Bug #1521053 reported by Seyeong Kim
16
This bug affects 2 people
Affects Status Importance Assigned to Milestone
linux (Ubuntu)
Invalid
Medium
Unassigned
Vivid
Fix Released
Medium
Seyeong Kim

Bug Description

[Impact]

Ubuntu VMs between different location in Azure , especially North Europe and East Europe in this case, have network performance issue.
It should be around 100MB/s speed between them. but it's around 0.3MB/s when dropping happens.

[Fix]

Upstream development
0d158852a8089099a6959ae235b20f230871982f ("hv_netvsc: Clean up two unused variables")

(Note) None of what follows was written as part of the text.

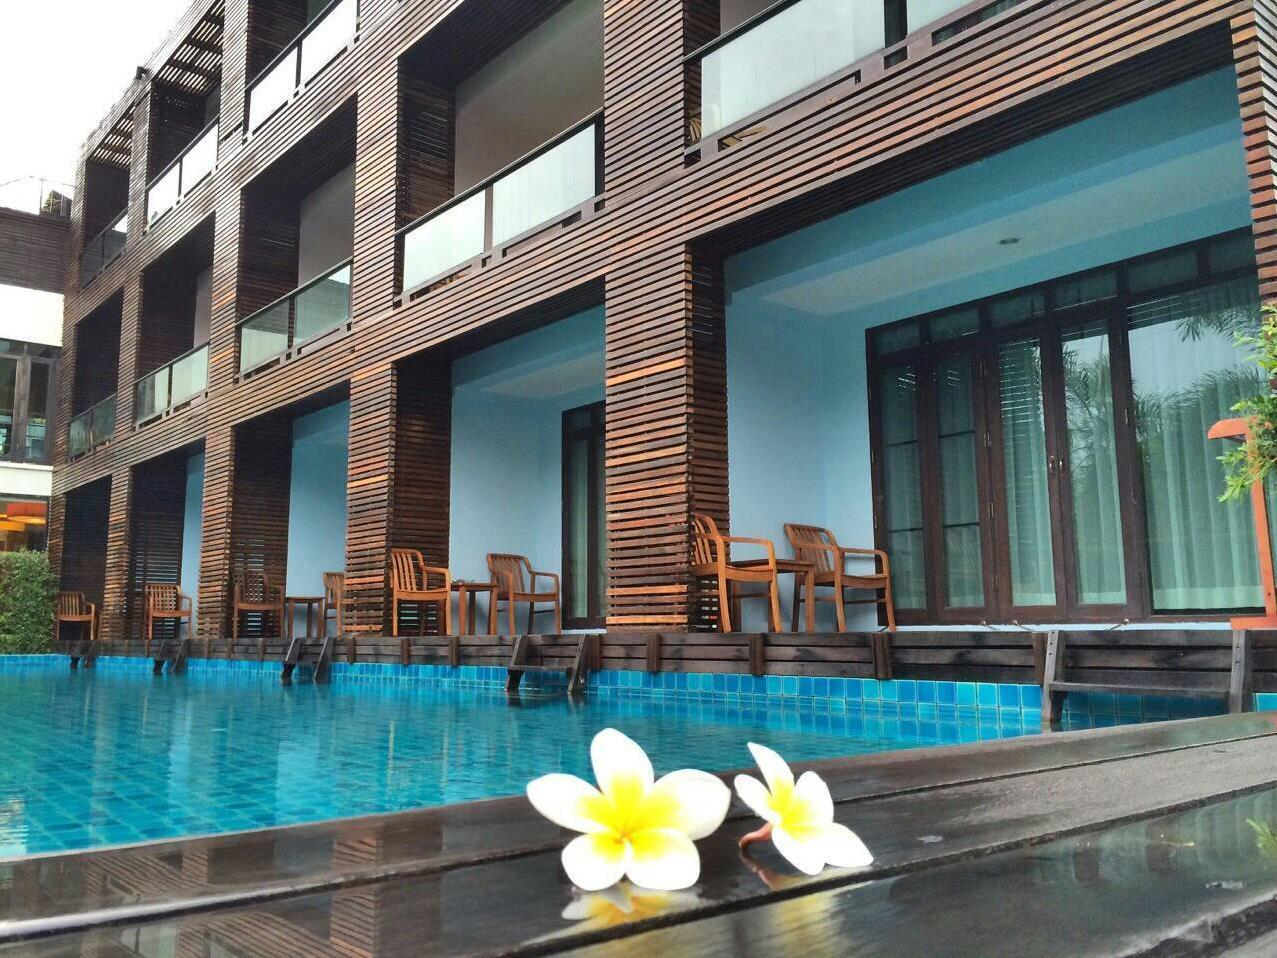 The Bihai Hotel

It's affected over 3.19.0-28-generic (ubuntu-vivid)

[Testcase]

Make 2 VMs on North Europe, West Europe each.
Then run below test script

NE VM

- netcat & nload
 while true; do netcat -l 8080 < /dev/zero; done;
 nload -u M eth0 ( need nload pkg )

- iperf
 iperf -s -f M

WE VM

- netcat
 for i in {1..1000}
 do
  timeout 30s nc NE_HOST 8080 > /dev/null
 done

- iperf
 iperf -c HOST -f M

Network performance dropping can be seen frequently.

More Tests
http://pastebin.ubuntu.com/13657083/

Seyeong Kim (seyeongkim)
tags: added: sts vivid
Revision history for this message
Brad Figg (brad-figg) wrote : Missing required logs.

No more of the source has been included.